=== Begin Enclosure ===

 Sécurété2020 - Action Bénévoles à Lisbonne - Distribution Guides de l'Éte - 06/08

=== End Enclosure ===
=== Begin Enclosure ===

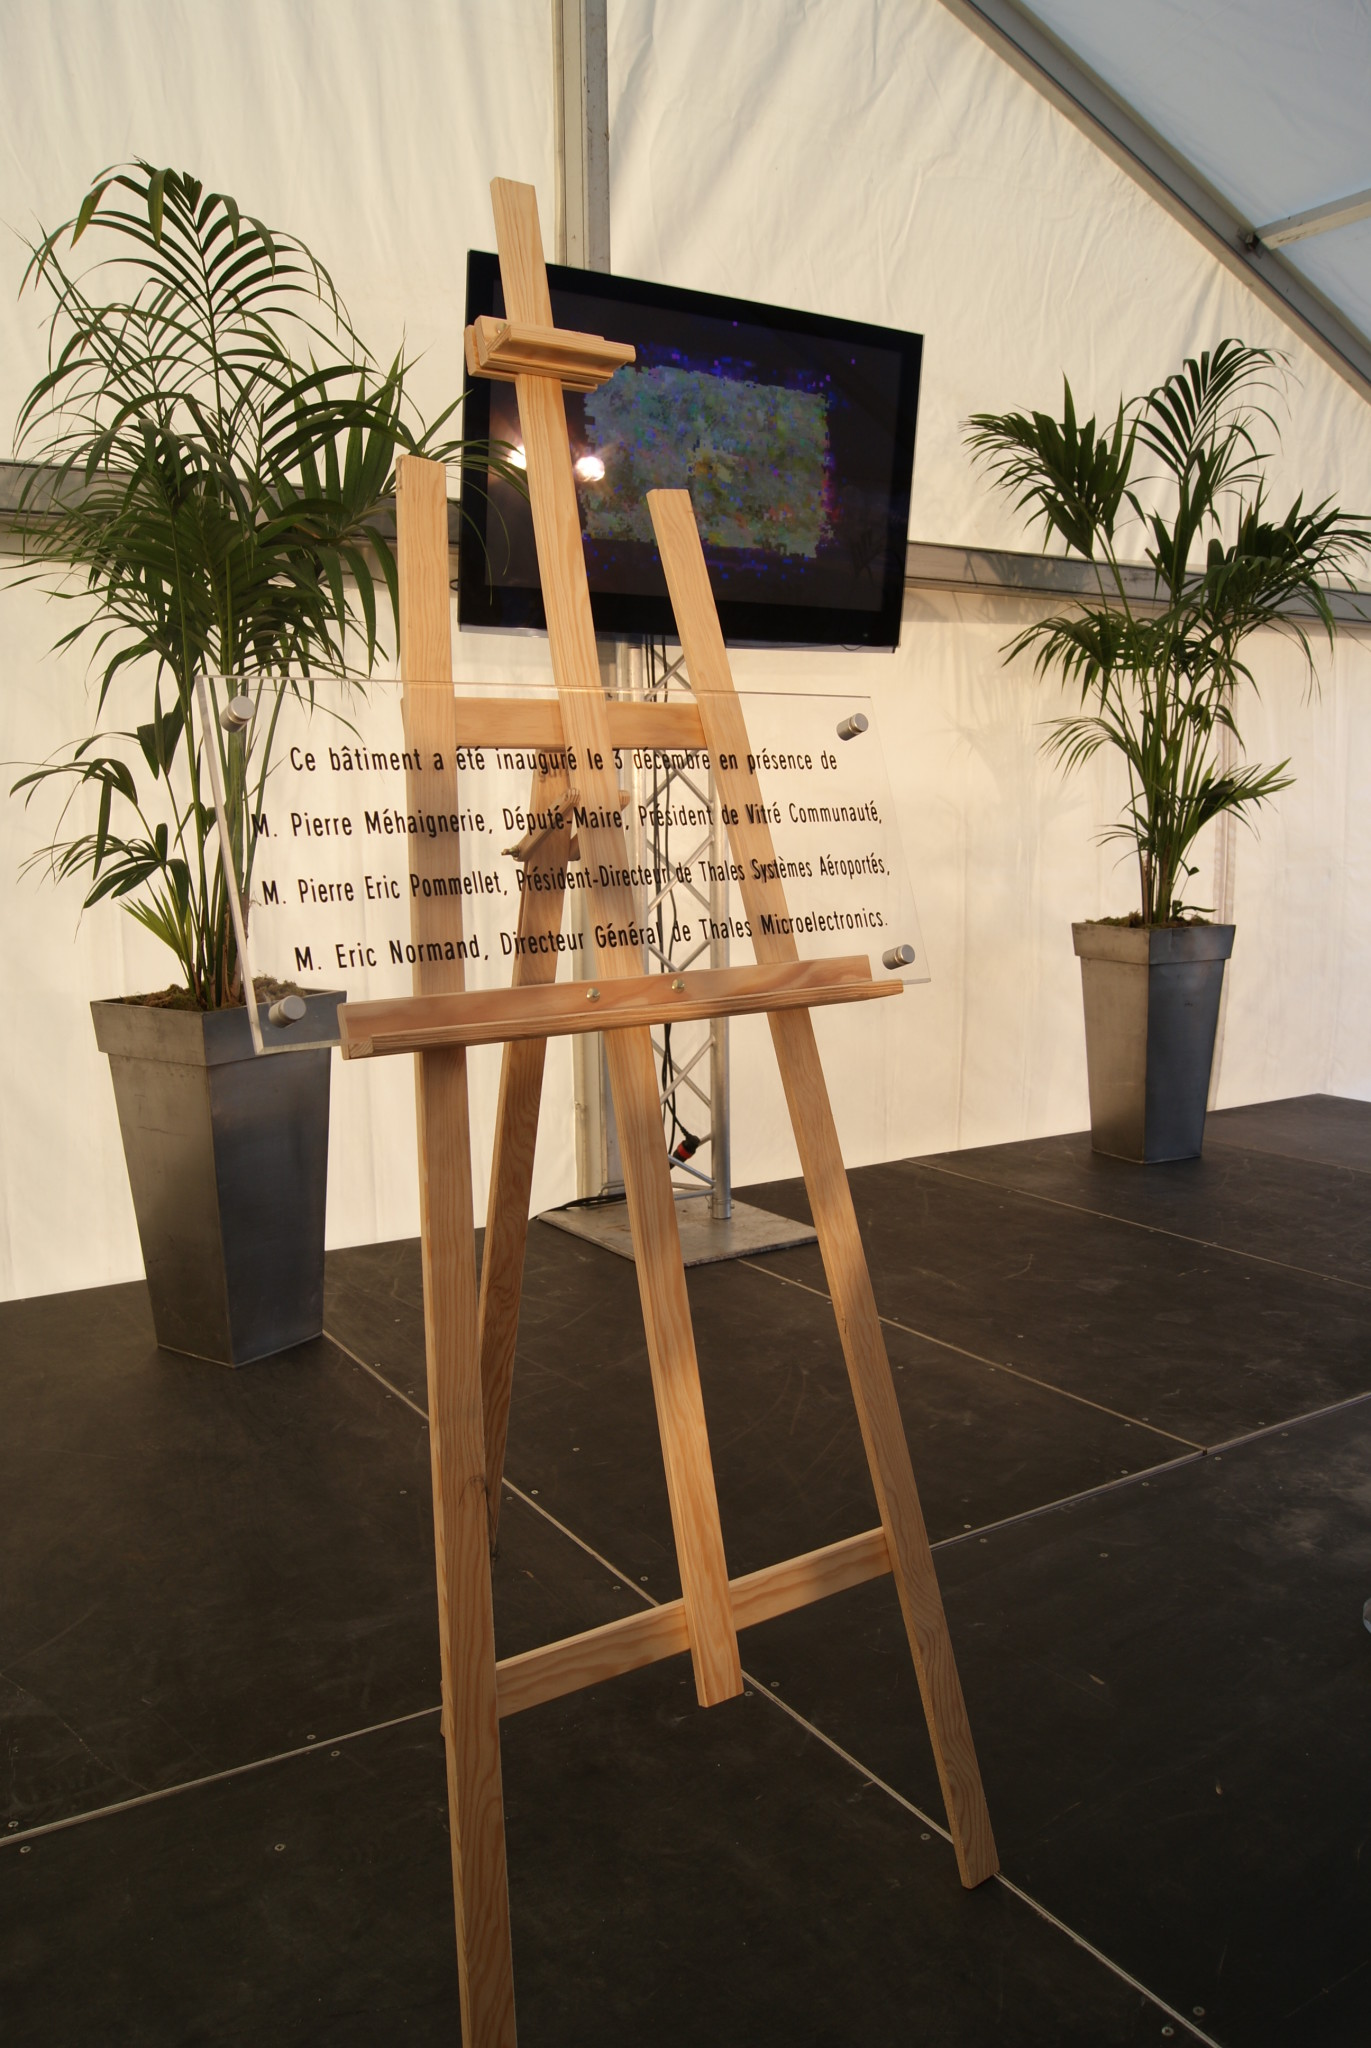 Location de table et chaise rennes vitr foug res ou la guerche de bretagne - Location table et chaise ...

=== End Enclosure ===
=== Begin Enclosure ===

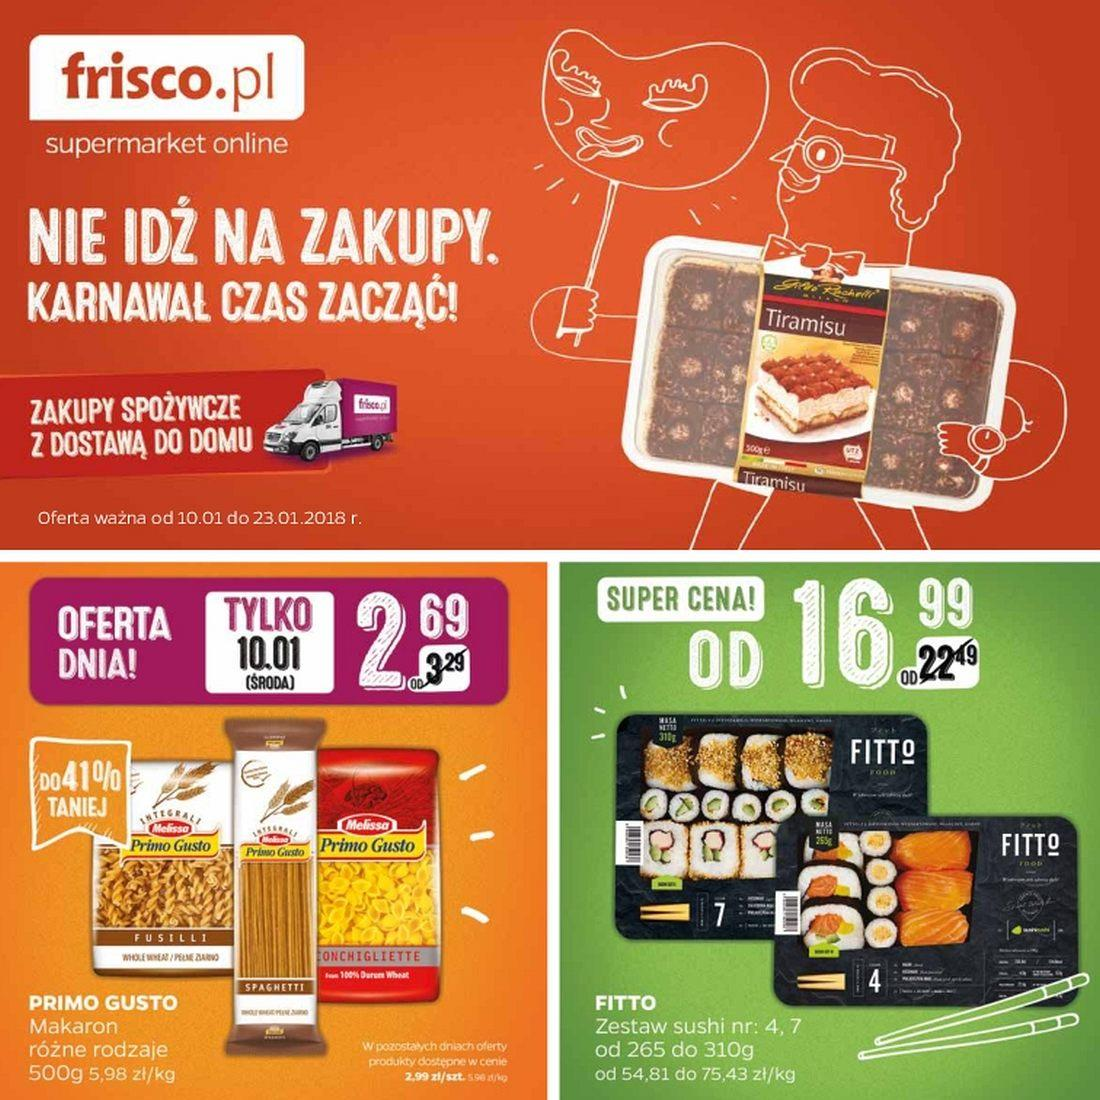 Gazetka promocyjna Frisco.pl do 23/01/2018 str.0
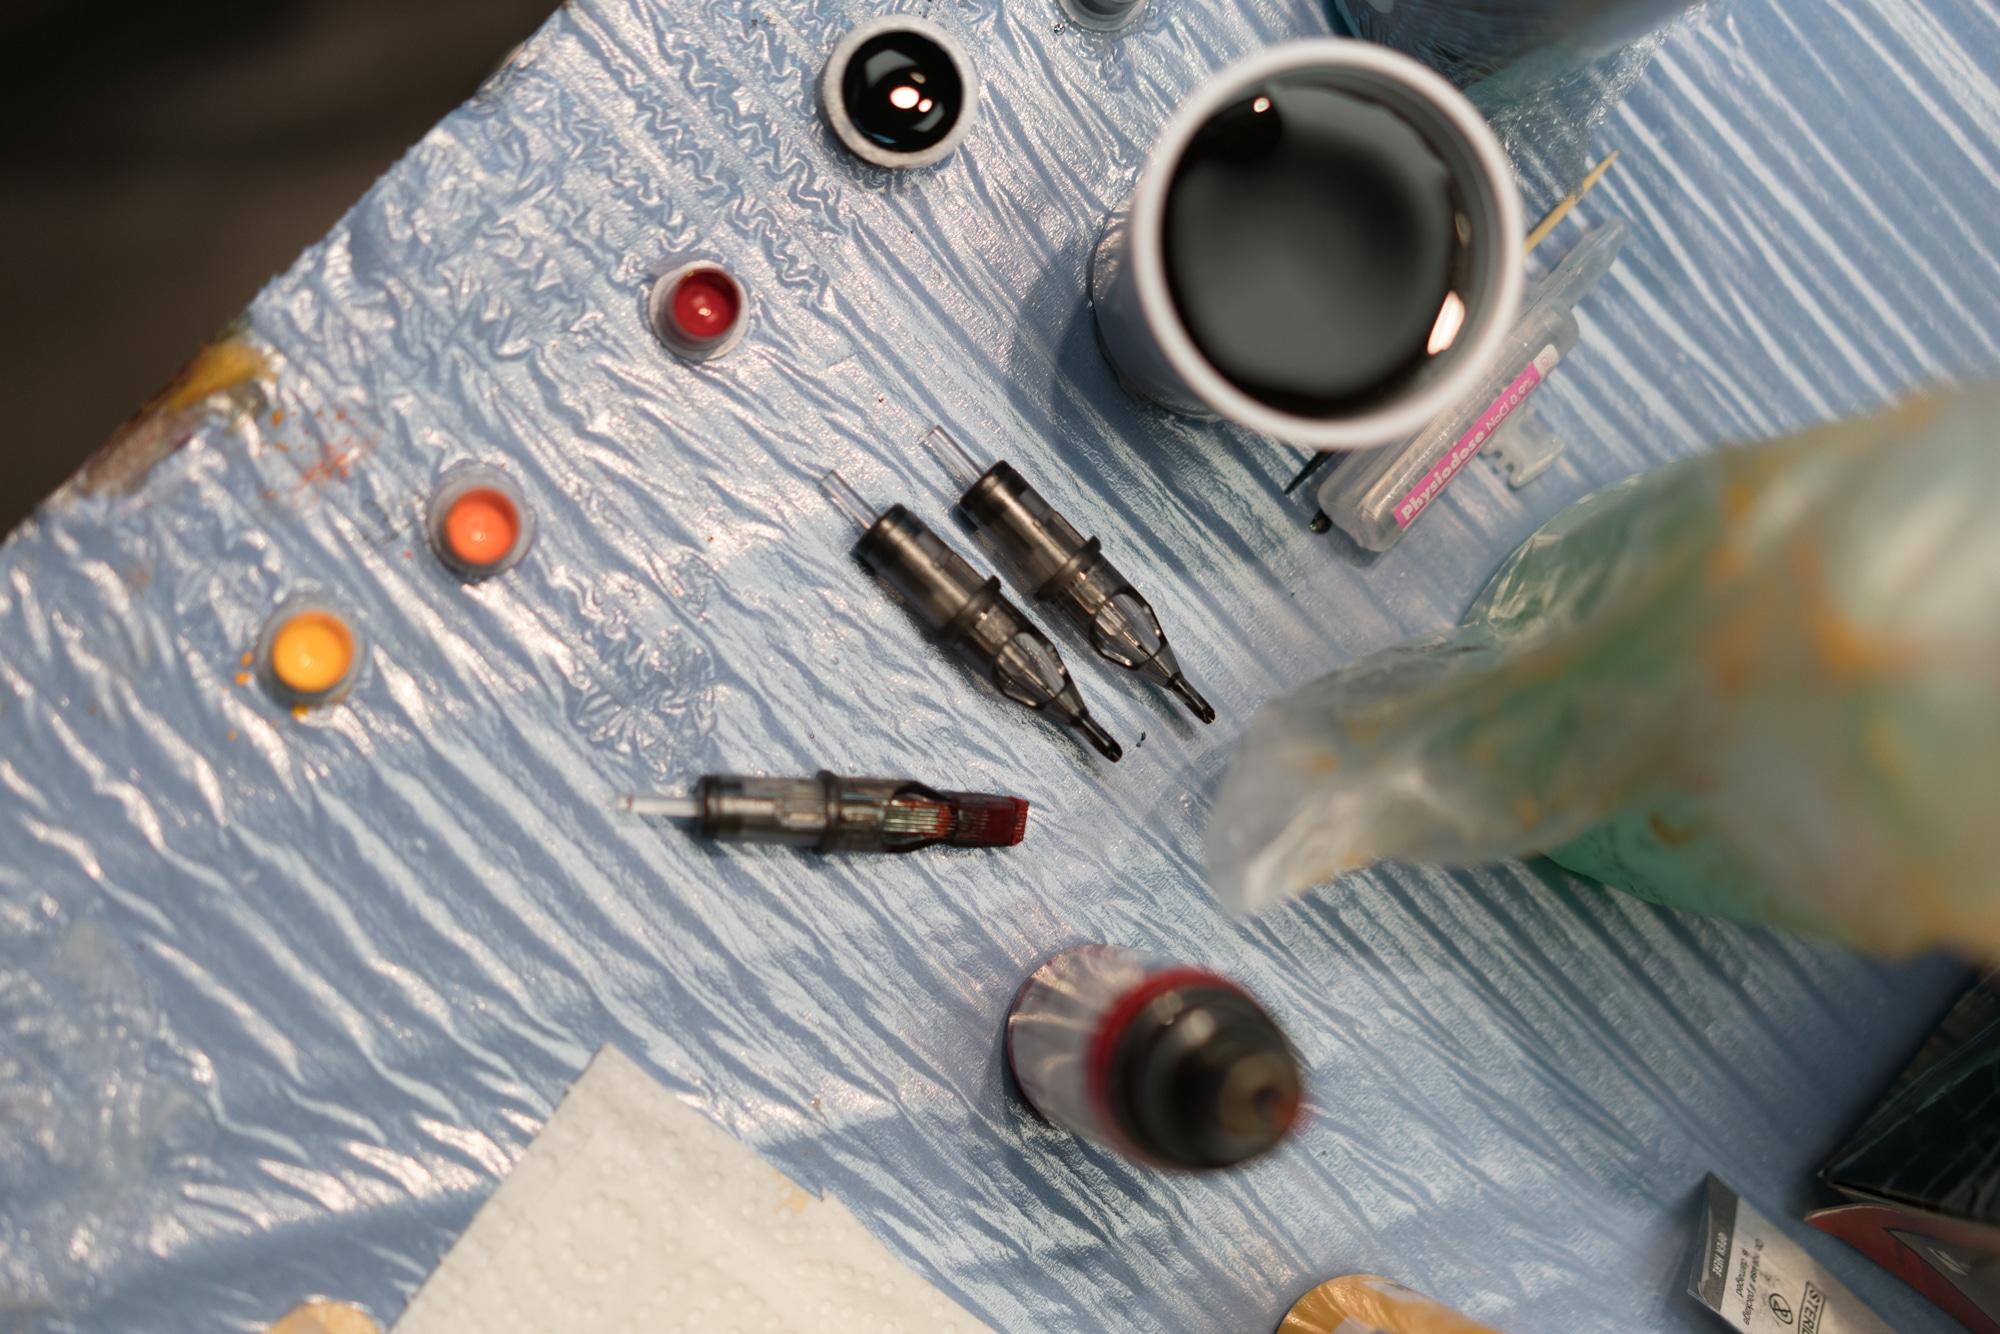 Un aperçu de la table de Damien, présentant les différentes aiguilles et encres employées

=== End Enclosure ===

◆ Exercise objective:
Repeat exactly the lines above, beginning at the one containing "Gazetka promocyjna Frisco.pl" and ending at the one containing "Un aperçu de". Do not carry over any pictures.

◆ Exercise output:
 Gazetka promocyjna Frisco.pl do 23/01/2018 str.0
 Un aperçu de la table de Damien, présentant les différentes aiguilles et encres employées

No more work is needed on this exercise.